Depois de alguns segundos tentando relembrar o código de área, Atílio digita mais oito números dos quais esquecera minutos depois, aguarda outra dúzia de segundos, agora munido de certa apreensão, e já com o telefone pressionado à orelha esquerda ouve uma voz suave do outro lado da linha:
- Alô! Quem fala?
- Sou eu, não se lembra mais de mim! – responde Atílio caminhando de canto a canto da sala de sua querida tia.

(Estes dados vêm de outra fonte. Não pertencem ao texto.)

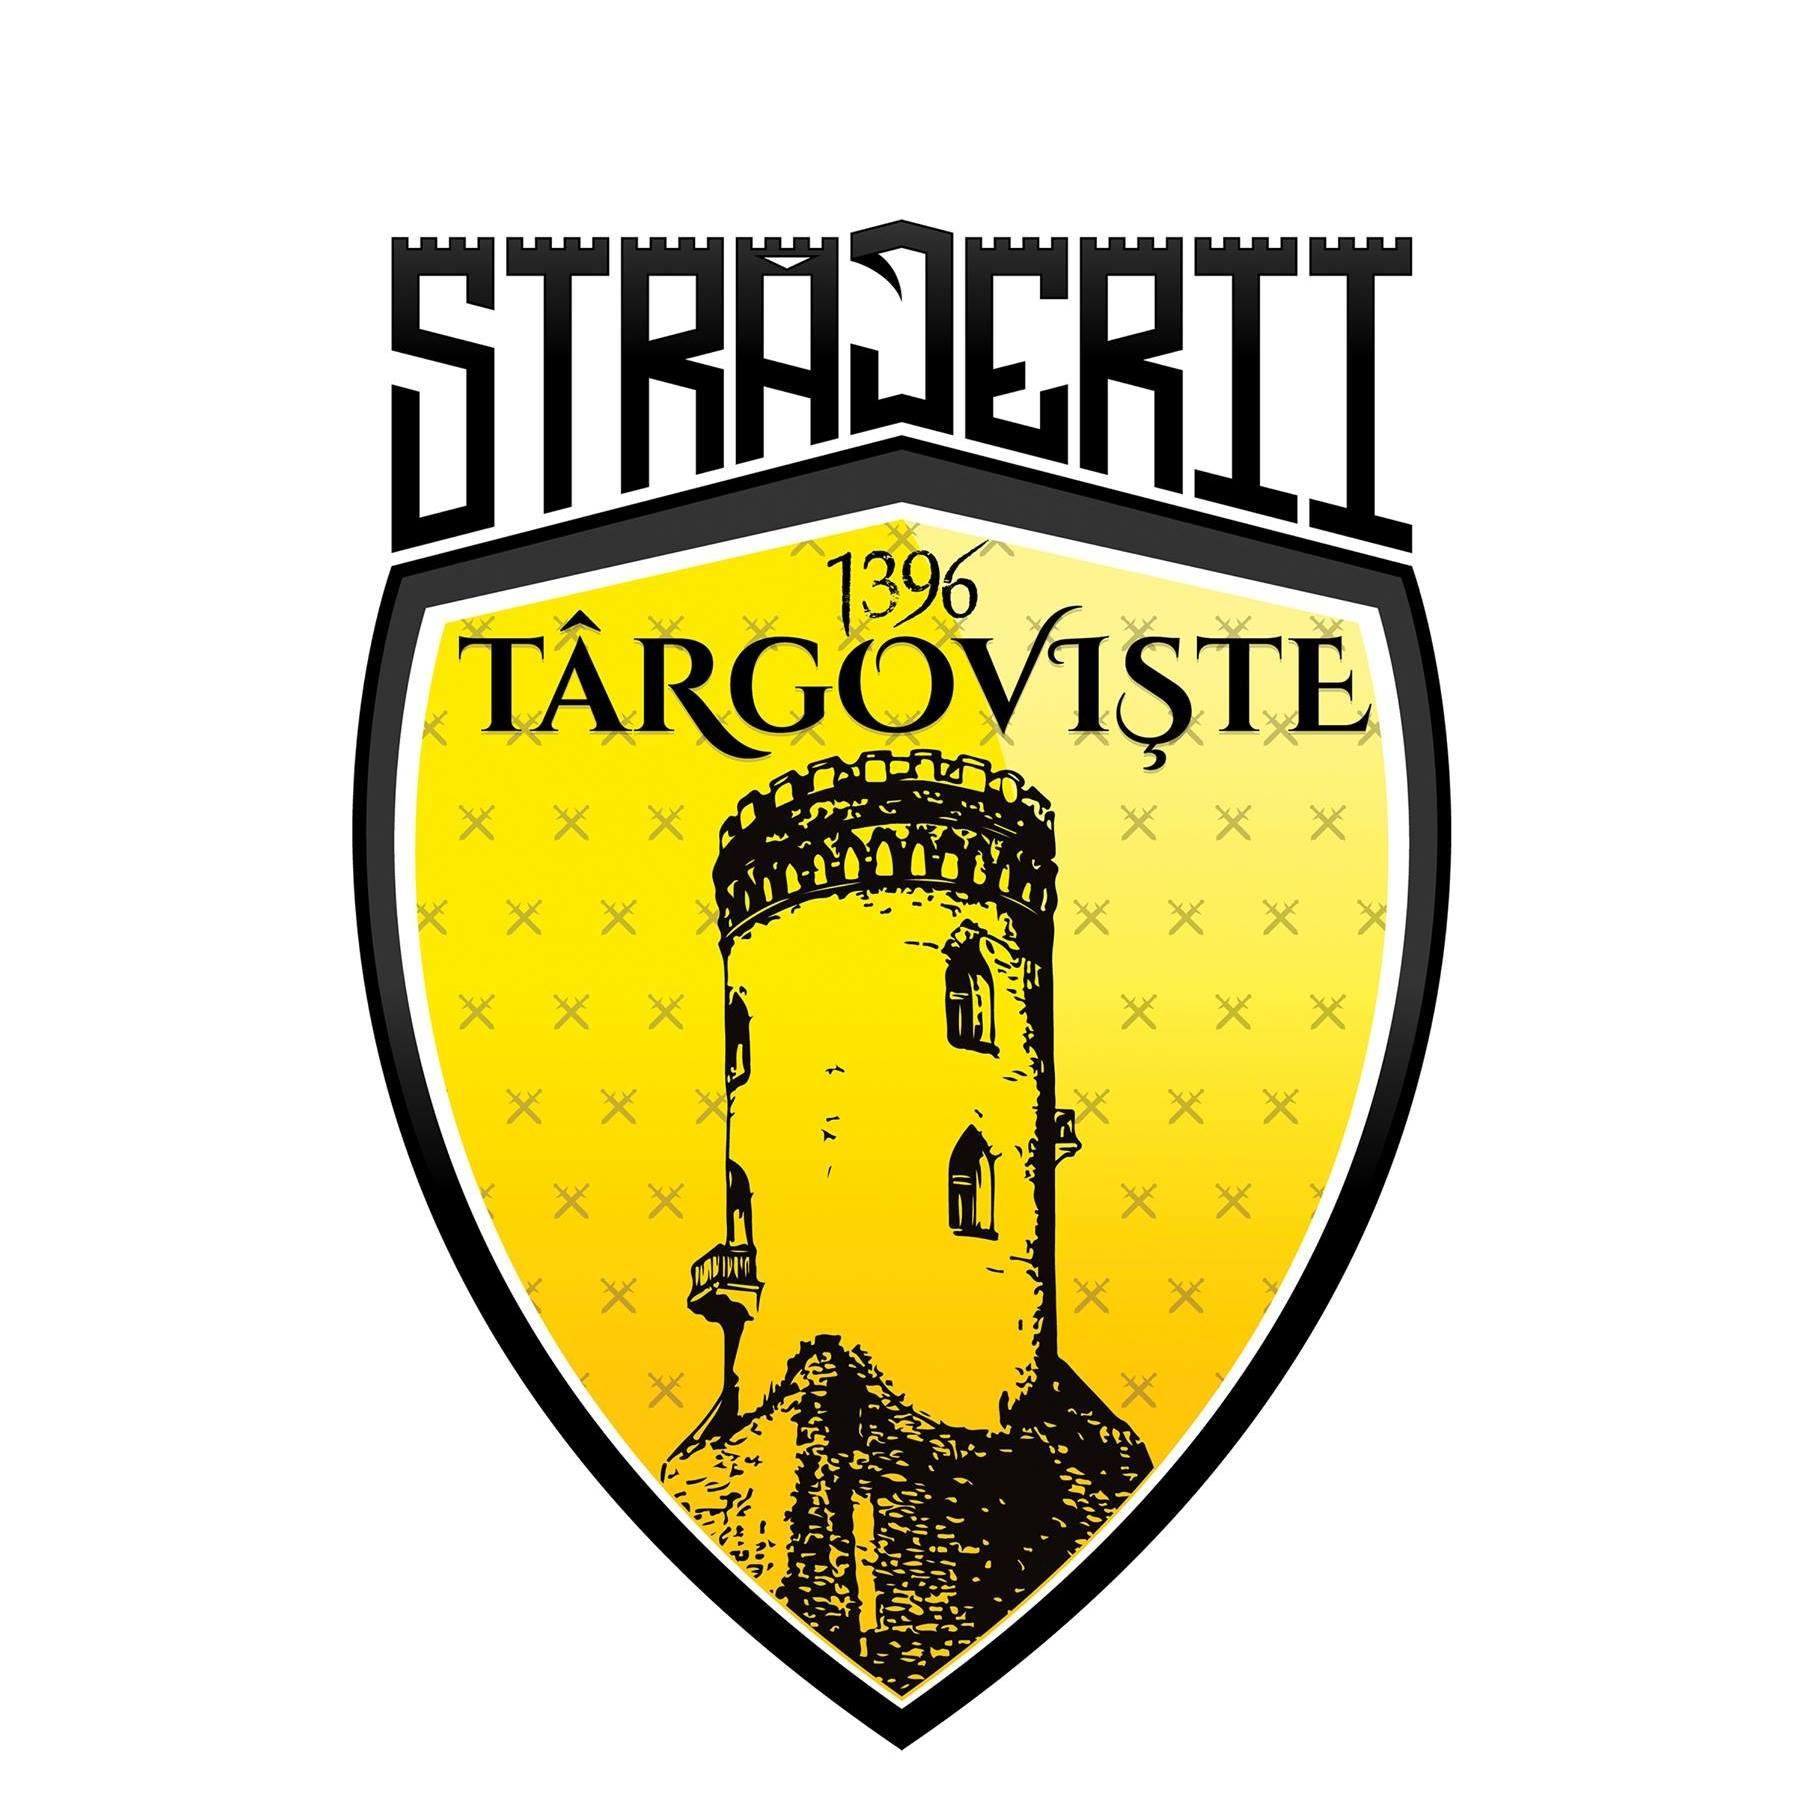 A.C.S. Strajerii Targoviste 1396 2

- Nem imagino! Como posso saber?
Sem contar com a sinceridade da resposta ele enxuga as mãos na calça jeans batida, deixando transparecer em sua voz a satisfação incontida.
- Vou te dar uma chance!
- E eu vou desligar! – dispara Amélia, que há anos rondava os sonhos de Atílio. Com medo de perder a única chance em cinco anos de espera, o atabalhoado rapaz de mento proeminente e nariz pontudo, elucida o mistério com rapidez.

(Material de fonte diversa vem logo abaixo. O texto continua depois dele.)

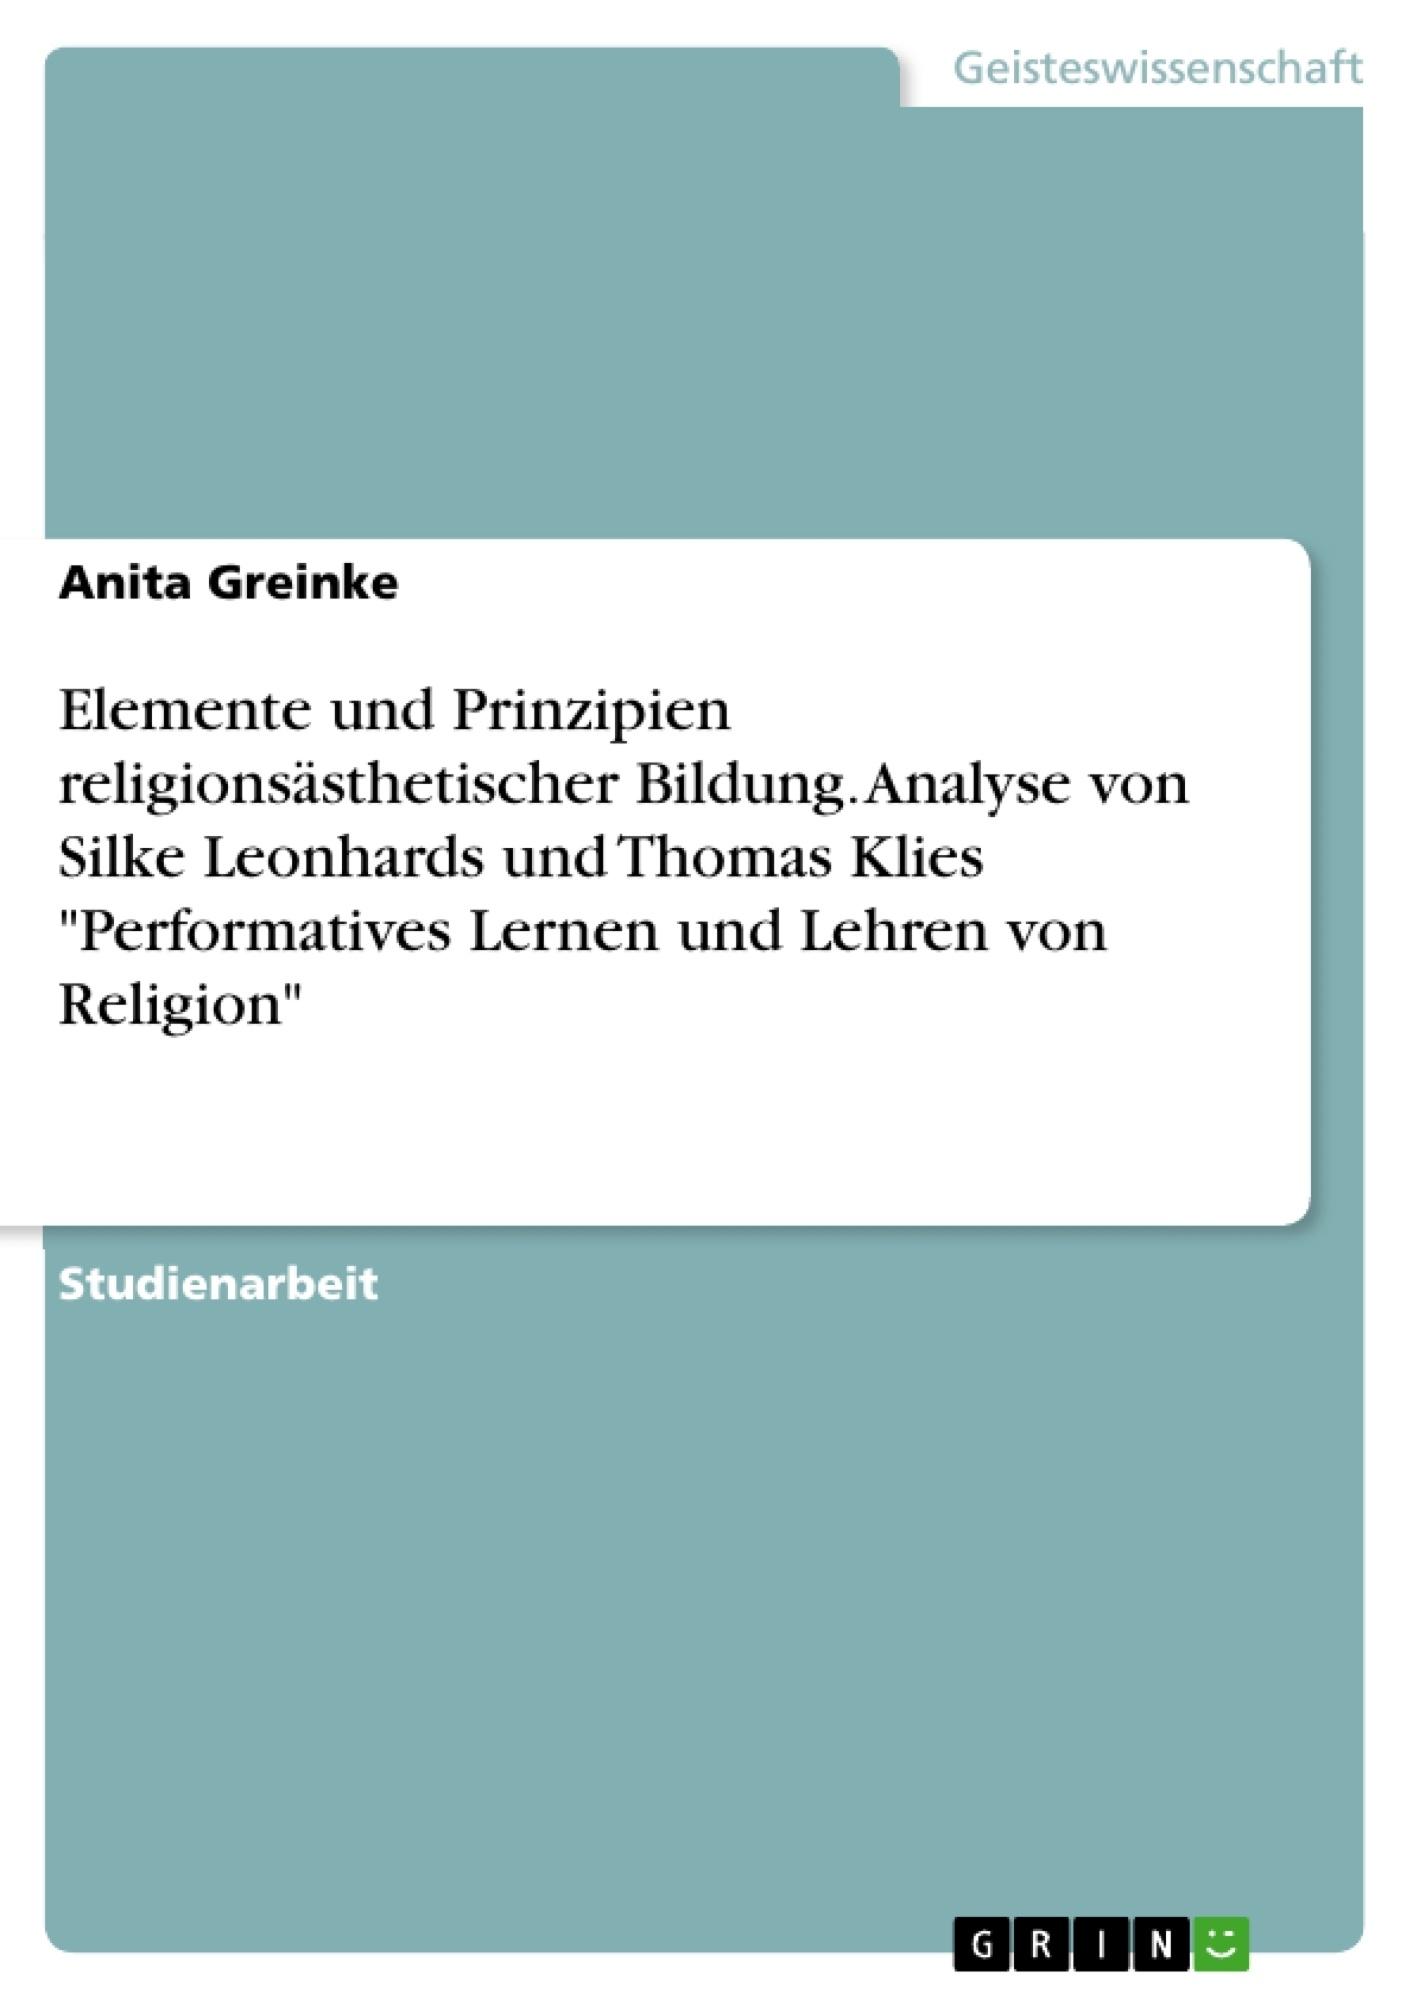 """Titel: Elemente und Prinzipien religionsästhetischer Bildung. Analyse von Silke Leonhards und Thomas Klies """"Performatives Lernen und Lehren von Religion"""""""

- Sou eu, Atílio! Não se lembra mesmo de mim?
 - Atílio! – fala ela pausadamente.  – Não posso acreditar que é você! – continua, demonstrando demasiada surpresa.
- Estava por perto e resolvi ligar – mente ele, ocultando o fato de Amélia ser presença garantida em seus sonhos.
Antes que ele pudesse prosseguir ela irrompe em um interrogatório matador.
- Casado? Filhos? Homem ou mulher? Continua esquisito? Cabeludo? Onde está morando... Conte-me tudo! – parando somente para recobrar o ar que naquele momento fugira de seus pulmões.
- Bem, eu... – Atílio emudece por um instante para pensar. Atordoado com tantas perguntas ele se lembrou dos bons tempos de faculdade em que ouvia Amélia falar com entusiasmo e graciosidade, exatamente como acabara de fazer.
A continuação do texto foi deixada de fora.